INFORMATION SHOWN:
--- START ---

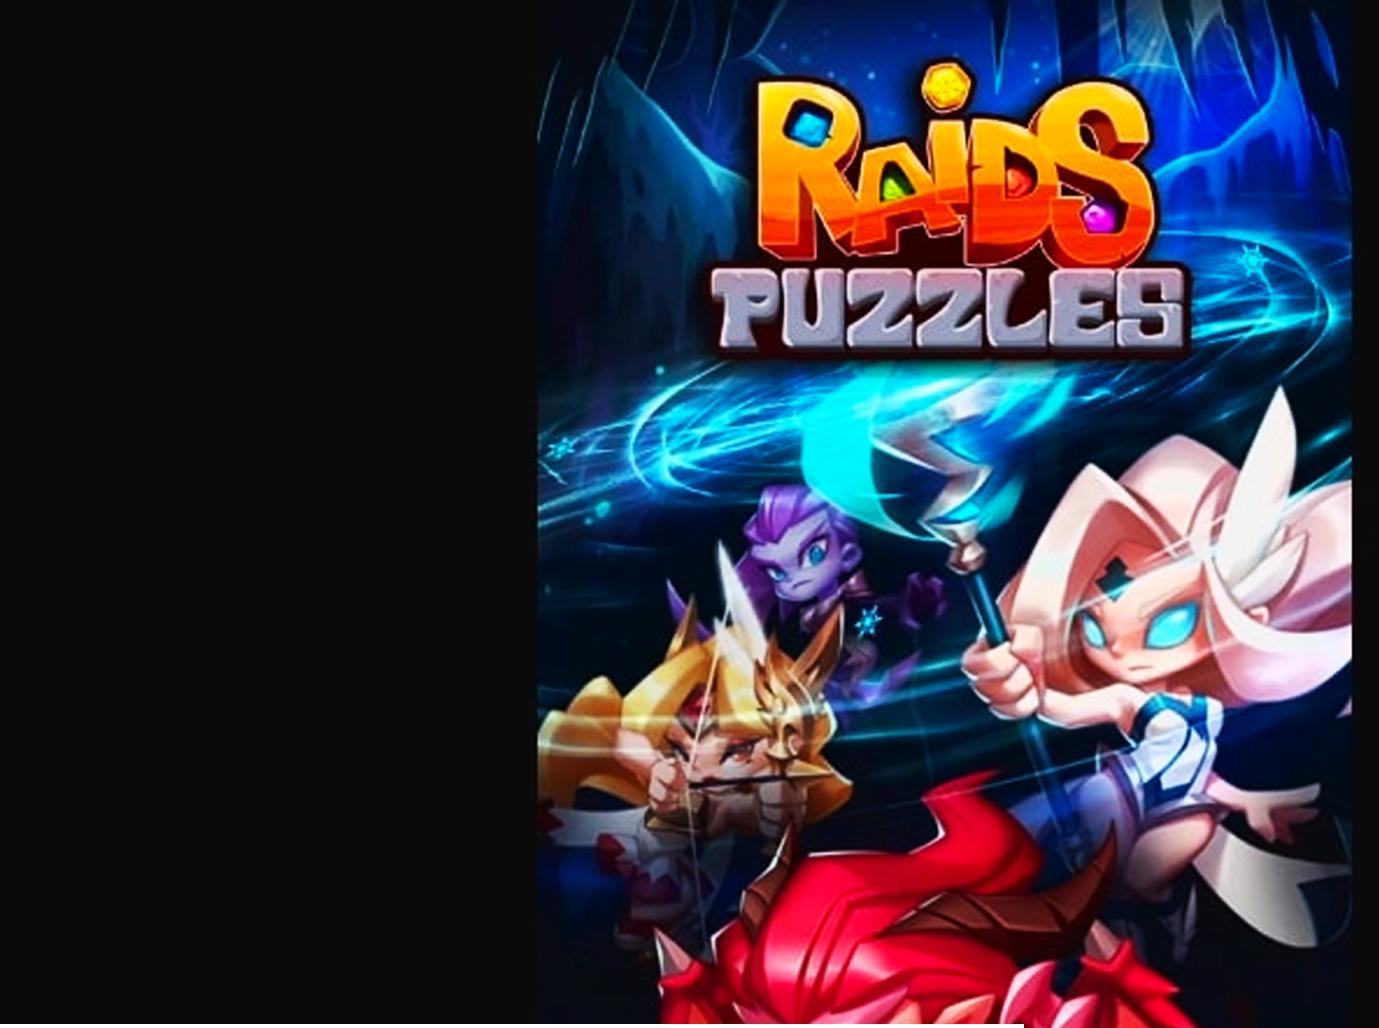 Gioca Raids & Puzzles: RPG Quest sul tuo PC
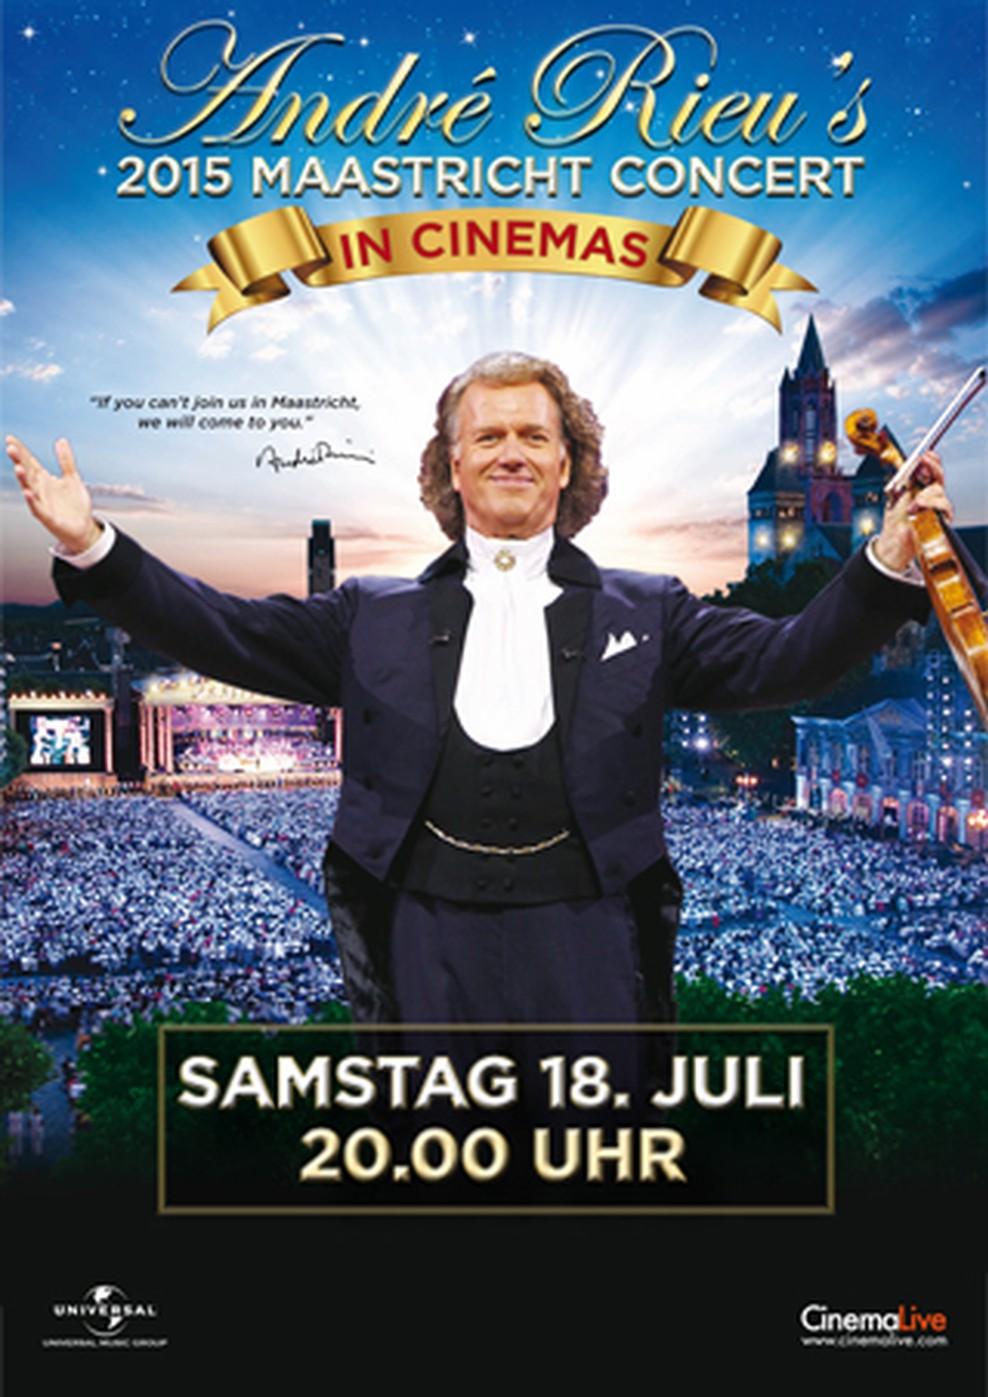 Andre Rieu's Maastricht Concert 2015 (Poster)
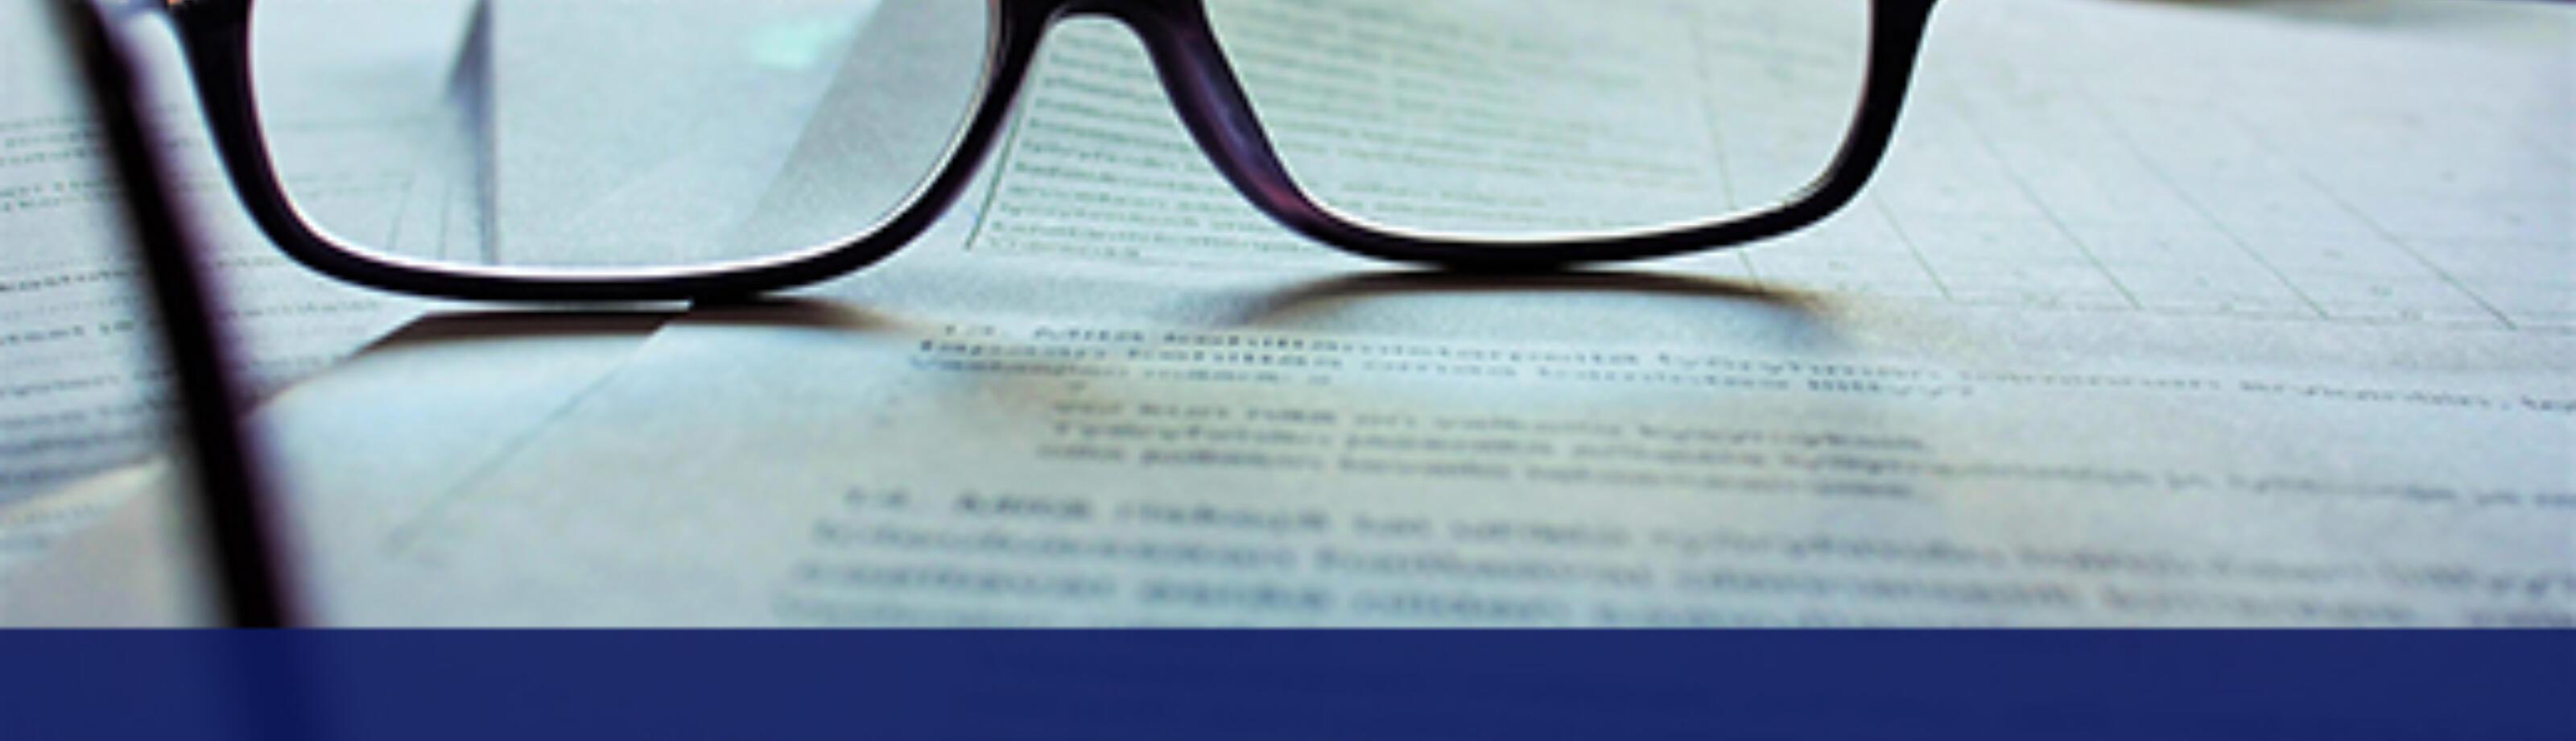 Blog beslag vs faillissement Linked IN
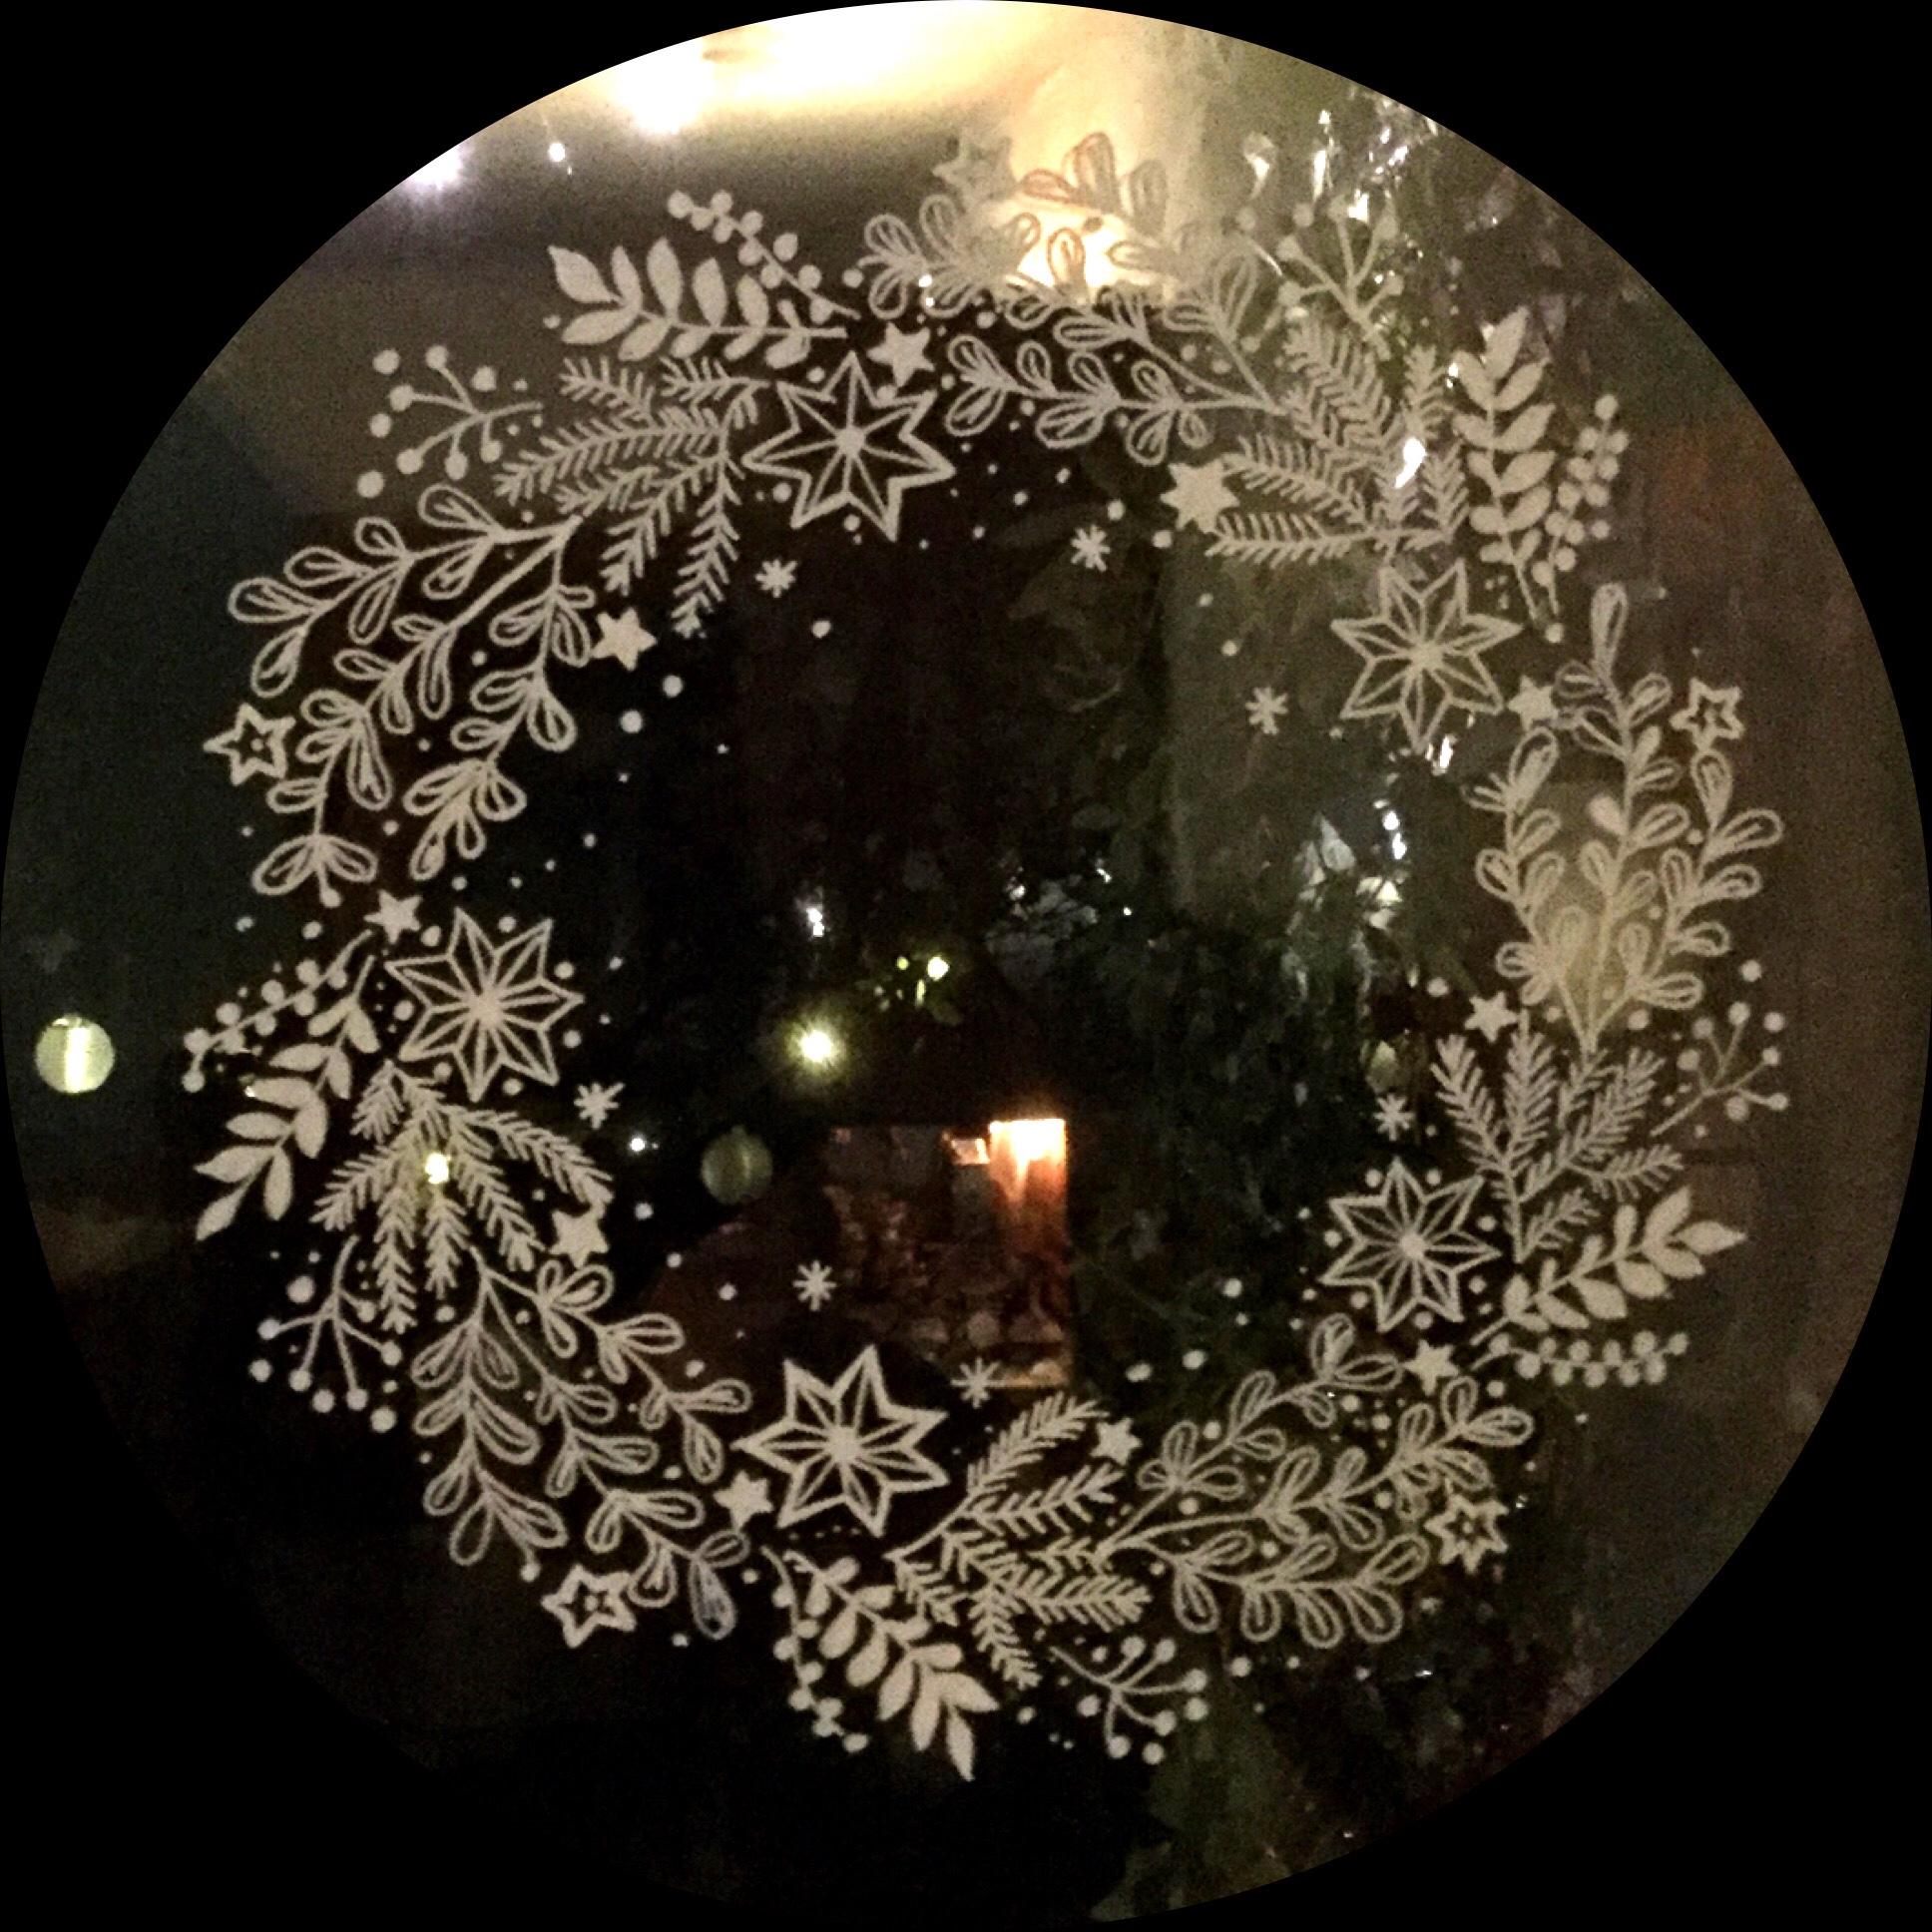 Weihnachtszeit bei Lilamalerie #4 – oder – Wo man singt, da lass dich nieder

--- END ---

WHAT YOU ARE ASKED TO DO:
Where the line containing "Blog beslag vs faillissement Linked IN" appears, begin writing out the lines exactly, and continue through the end of the material above, omitting pictures.

EXERCISE RESULT:
 Blog beslag vs faillissement Linked IN
 Weihnachtszeit bei Lilamalerie #4 – oder – Wo man singt, da lass dich nieder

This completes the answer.